Our belief in progress, the idea that everything will go on improving, is strangely recent. For a start, our ancestors would have been surprised to learn that we thought we could see into the future at all. Their cultures were built on the reality that no one can.
But they’d have been even more surprised to discover that we believed life would get better. They thought everything had declined since a Golden Age, when all was plenty and people lived in harmony with nature and each other.
The Ancient Greeks and Romans believed we were shrinking physically, and Plato came up with the idea of breeding supermen to reverse this trend. Unlike his near contemporary, Confucius, who more modestly thought we could improve the way we were governed, Plato believed we could not only improve society but improve ourselves.

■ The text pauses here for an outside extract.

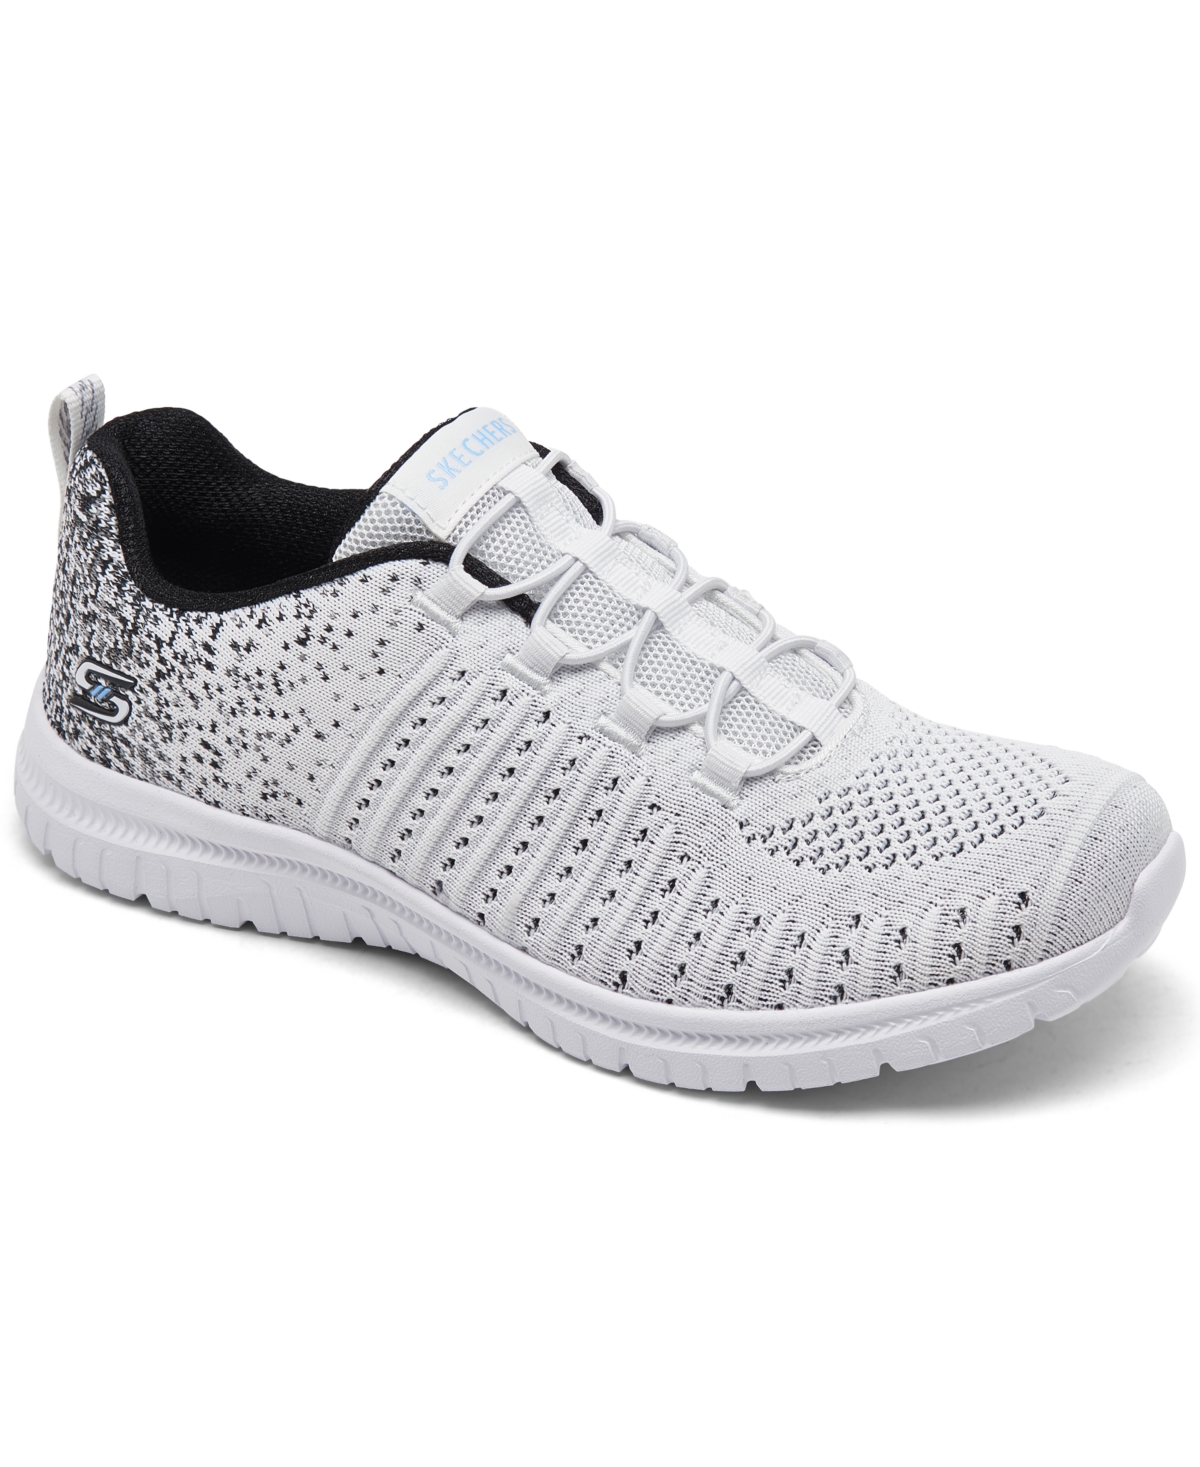 Women's Virtue Slip-On Walking Sneakers from Finish Line - Black, White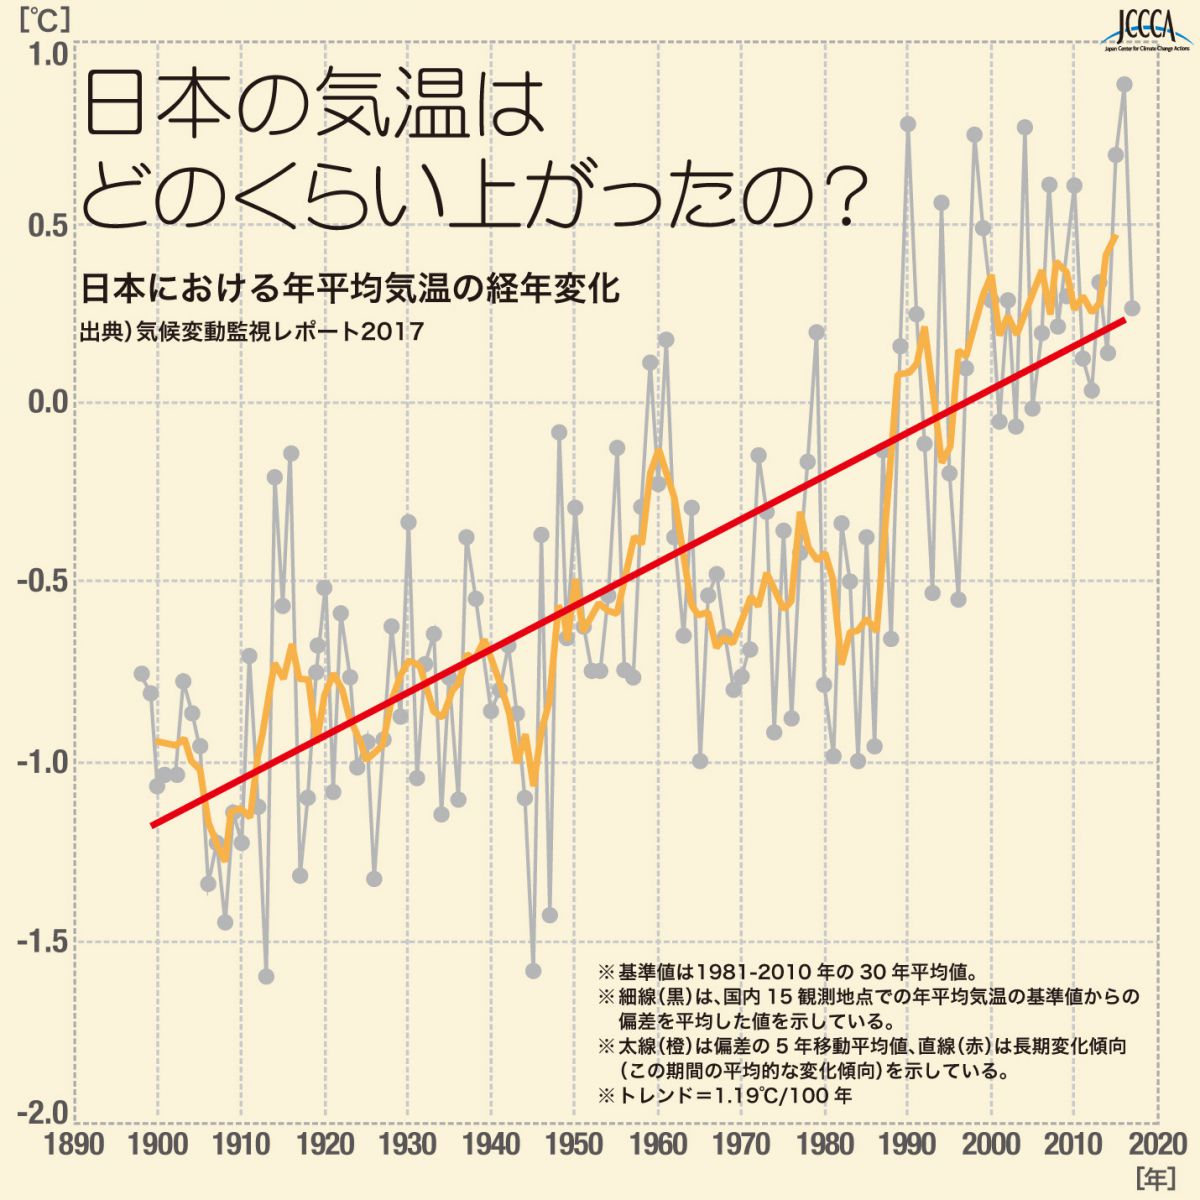 6 1 日本における年平均気温の経年変化 Jccca 全国地球温暖化防止活動推進センター

This idea didn’t really grow teeth until we began to understand the mechanics of breeding, during the Enlightenment. Darwin was careful to call his book the Descent on Man, not the ascent. But believers in eugenics willfully misinterpreted his theory of evolution by means of the survival of the fittest, which meant the most suited not the strongest. This resulted in the mass extermination of those who didn’t fit a predetermined notion of what a better human should be.
The suffering of millions eventually taught us that we can’t improve human nature, nor should we try. Human nature, itself, is now sacrosanct. But we still cling to the idea that we can improve nature in general.